> _The task_:
All that is wanted is the exact text of the lines below from the one with "カーナビ CarPlay/Android Autoに対応" through the one with "10pcs LED Light", inclusive, minus any pictures.

> _Stored data_:

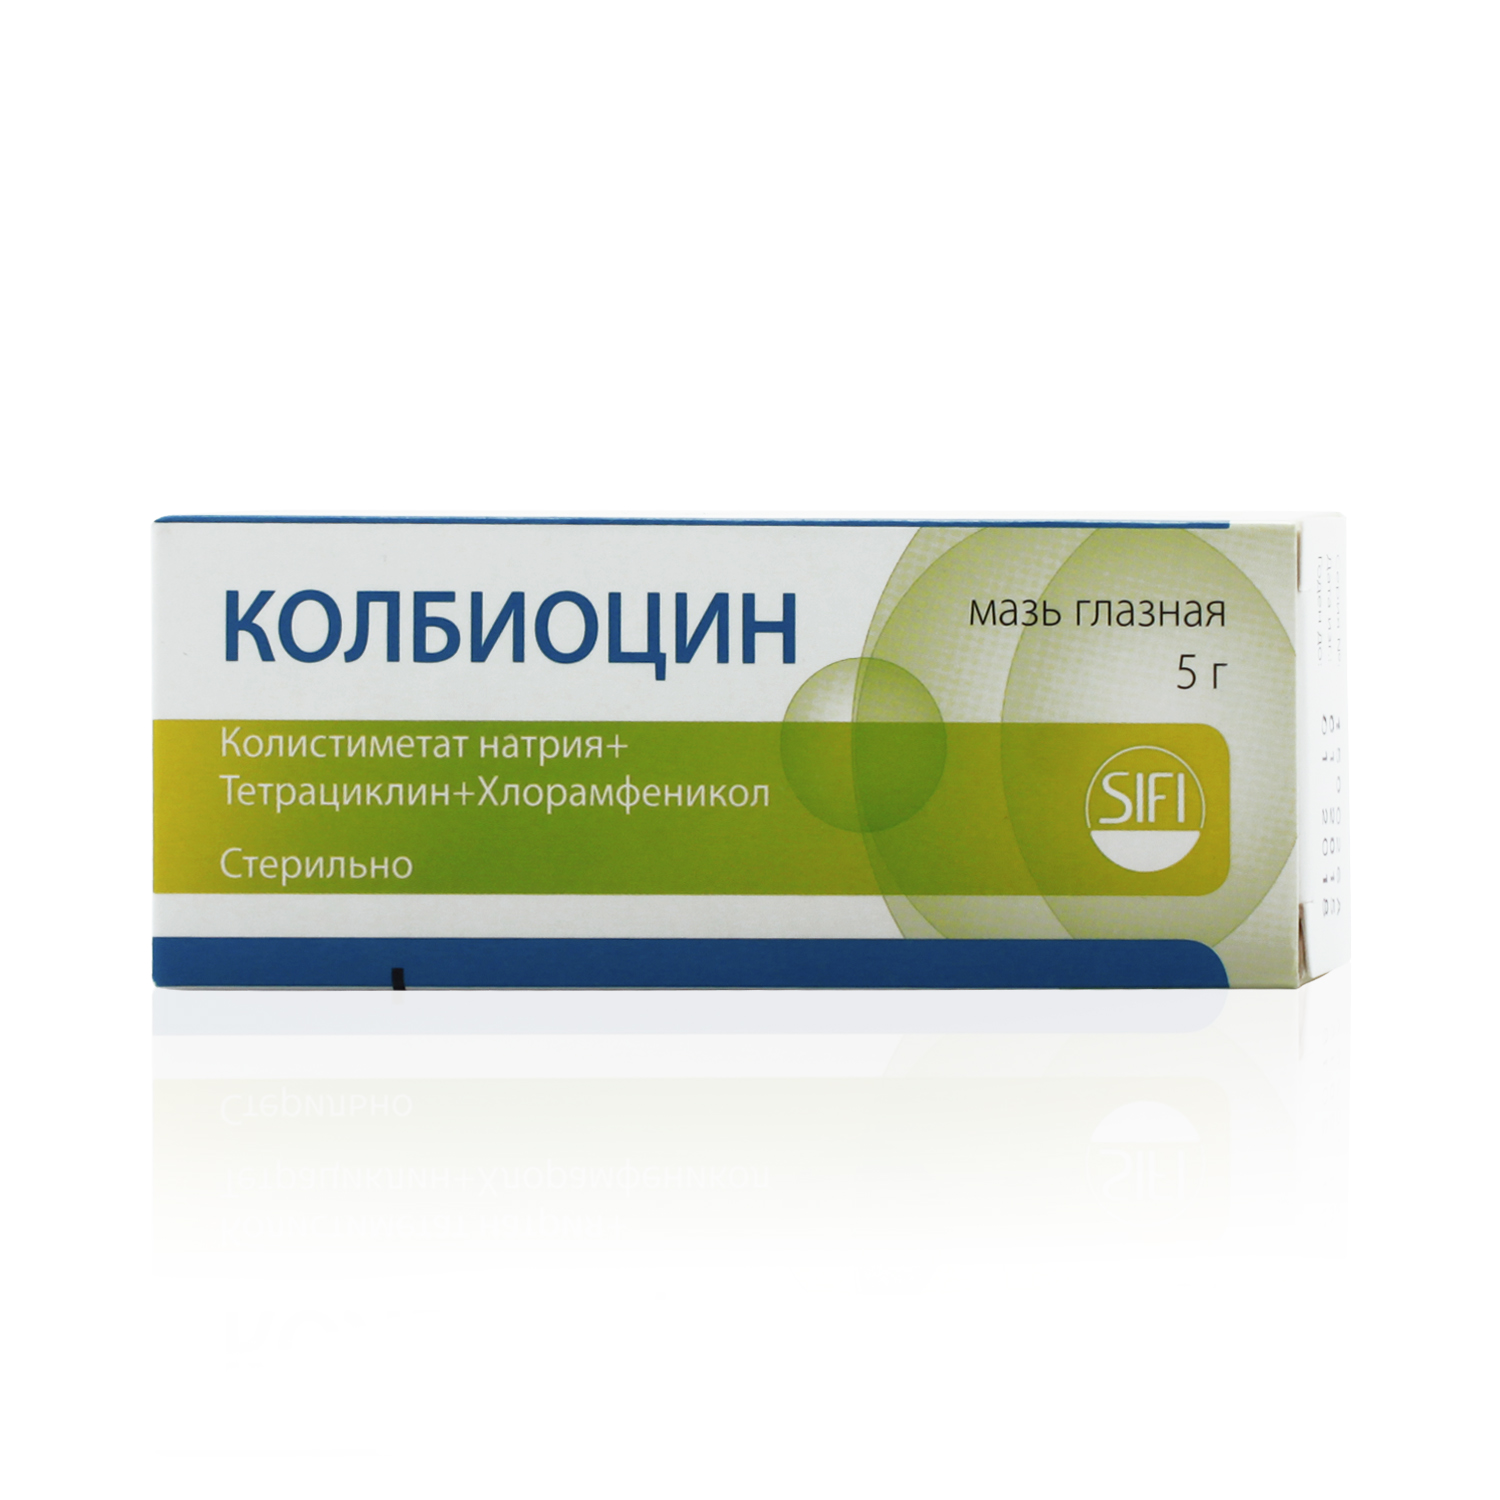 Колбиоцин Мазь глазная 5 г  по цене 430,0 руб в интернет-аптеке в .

--

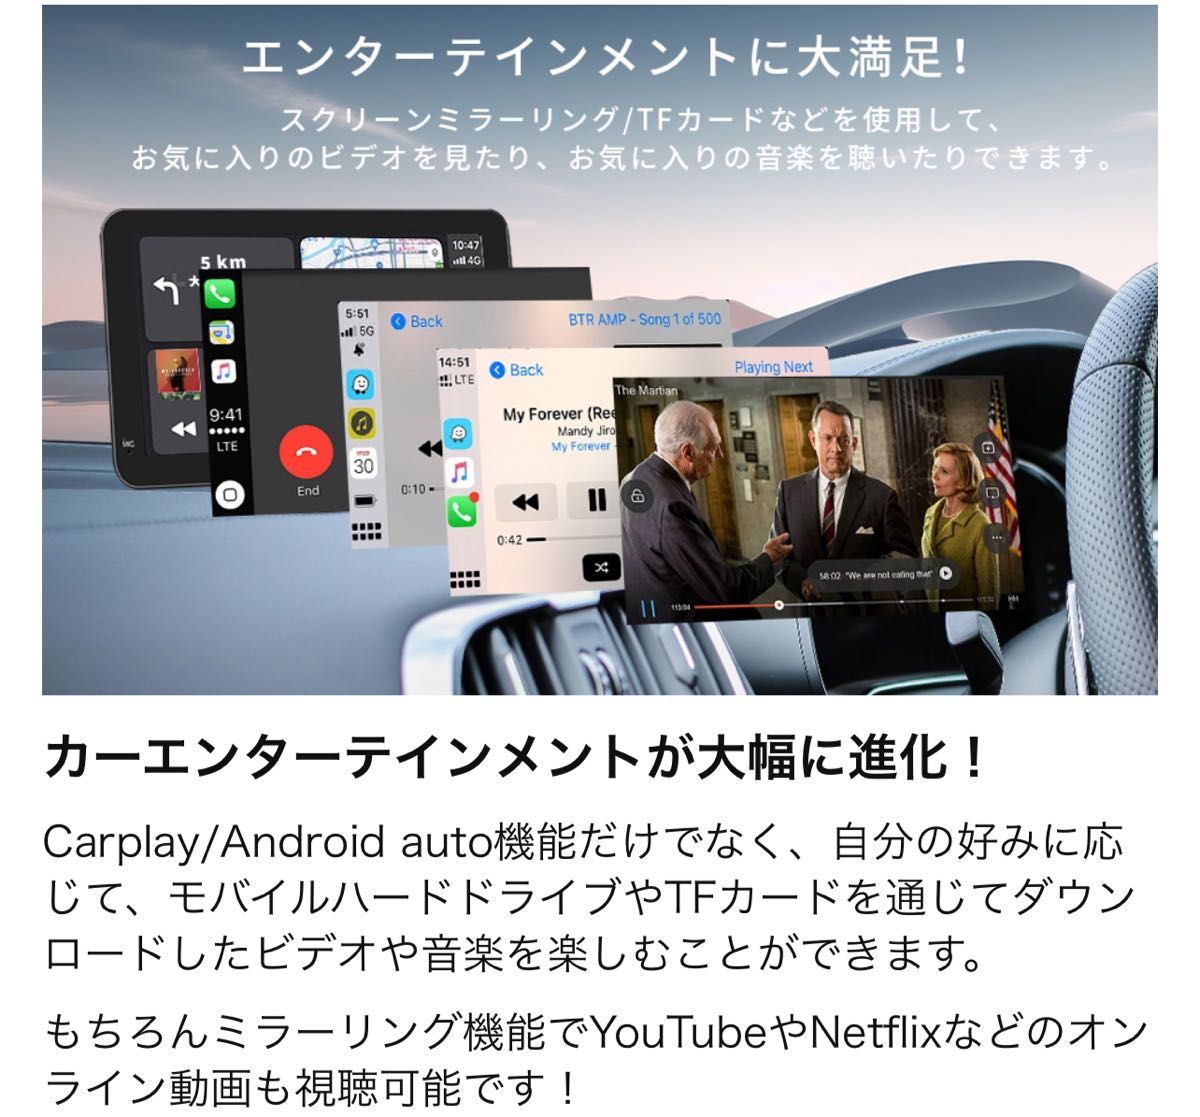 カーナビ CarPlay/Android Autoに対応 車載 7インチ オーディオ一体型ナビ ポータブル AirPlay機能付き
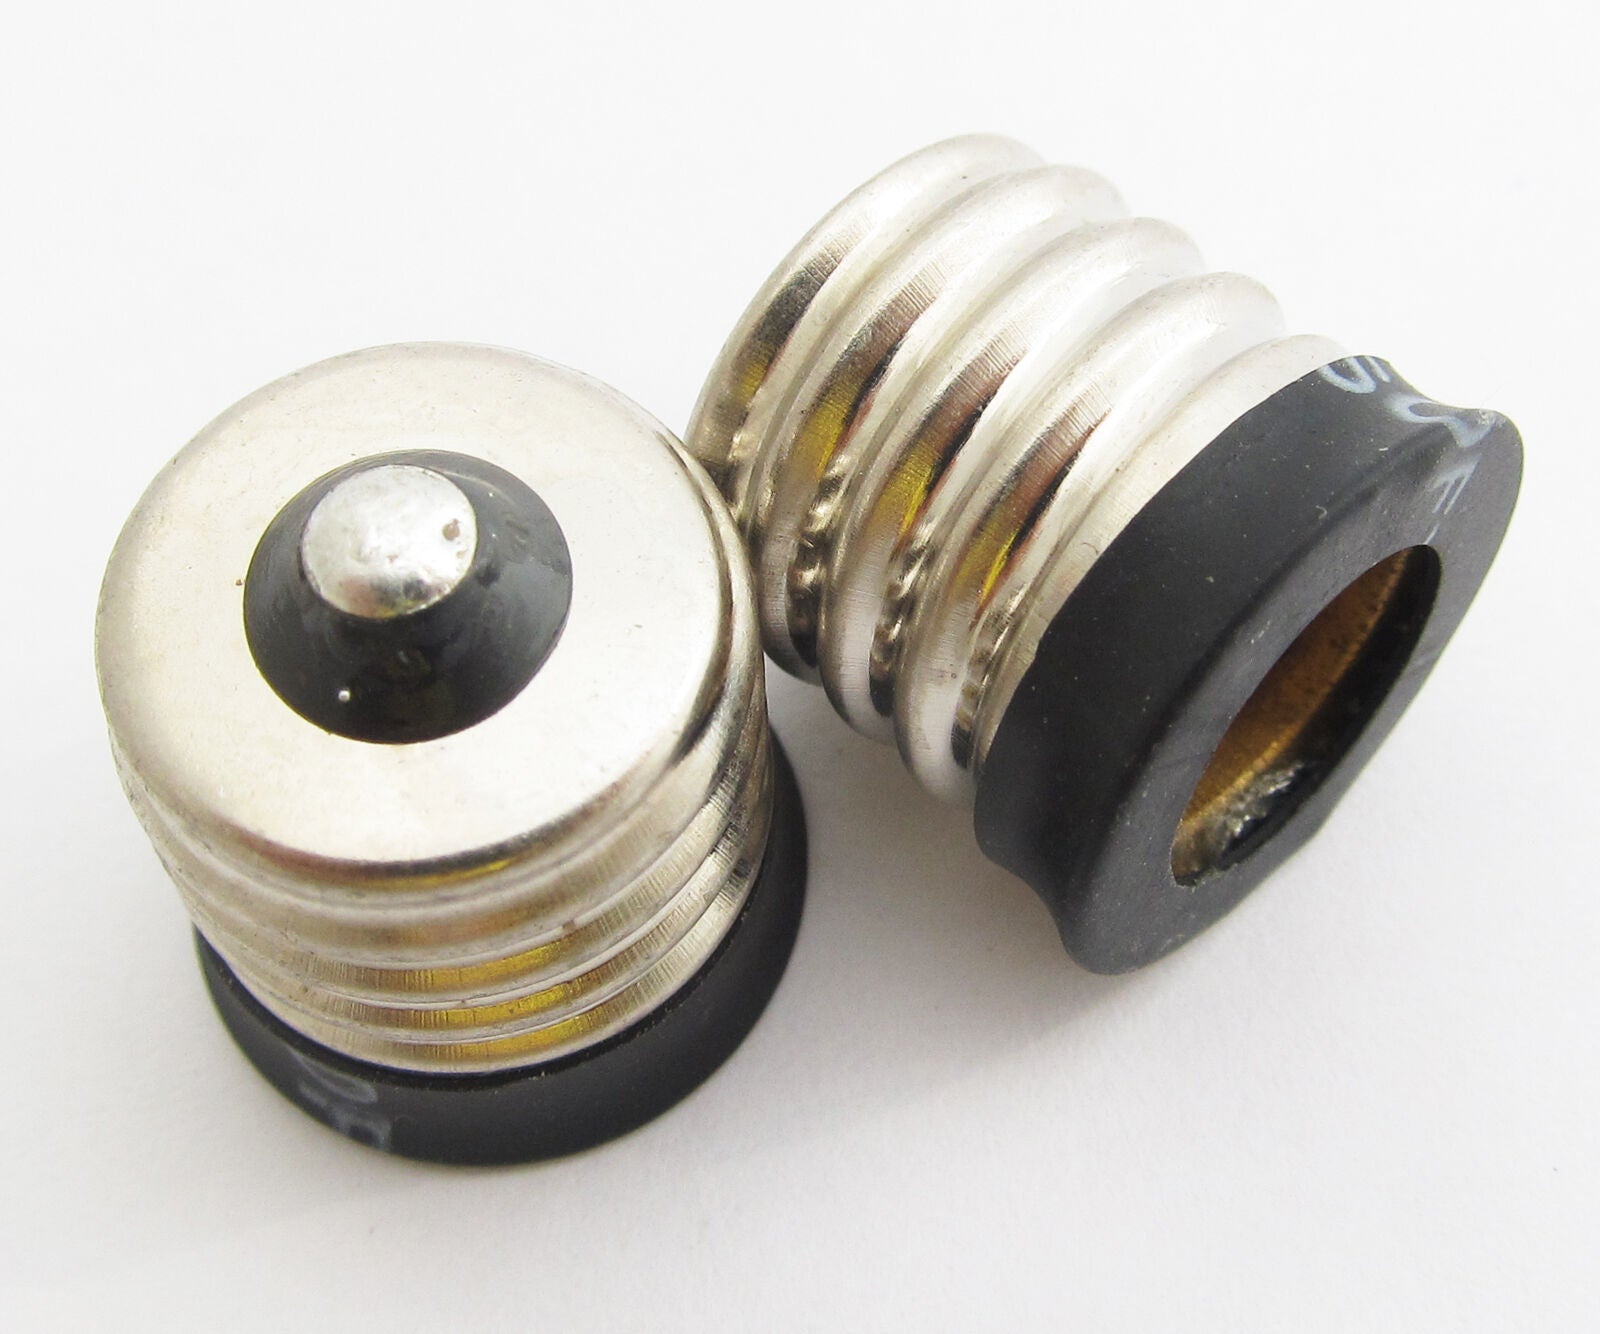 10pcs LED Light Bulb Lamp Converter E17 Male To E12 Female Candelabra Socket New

> _Answer_:
 カーナビ CarPlay/Android Autoに対応 車載 7インチ オーディオ一体型ナビ ポータブル AirPlay機能付き
 10pcs LED Light Bulb Lamp Converter E17 Male To E12 Female Candelabra Socket New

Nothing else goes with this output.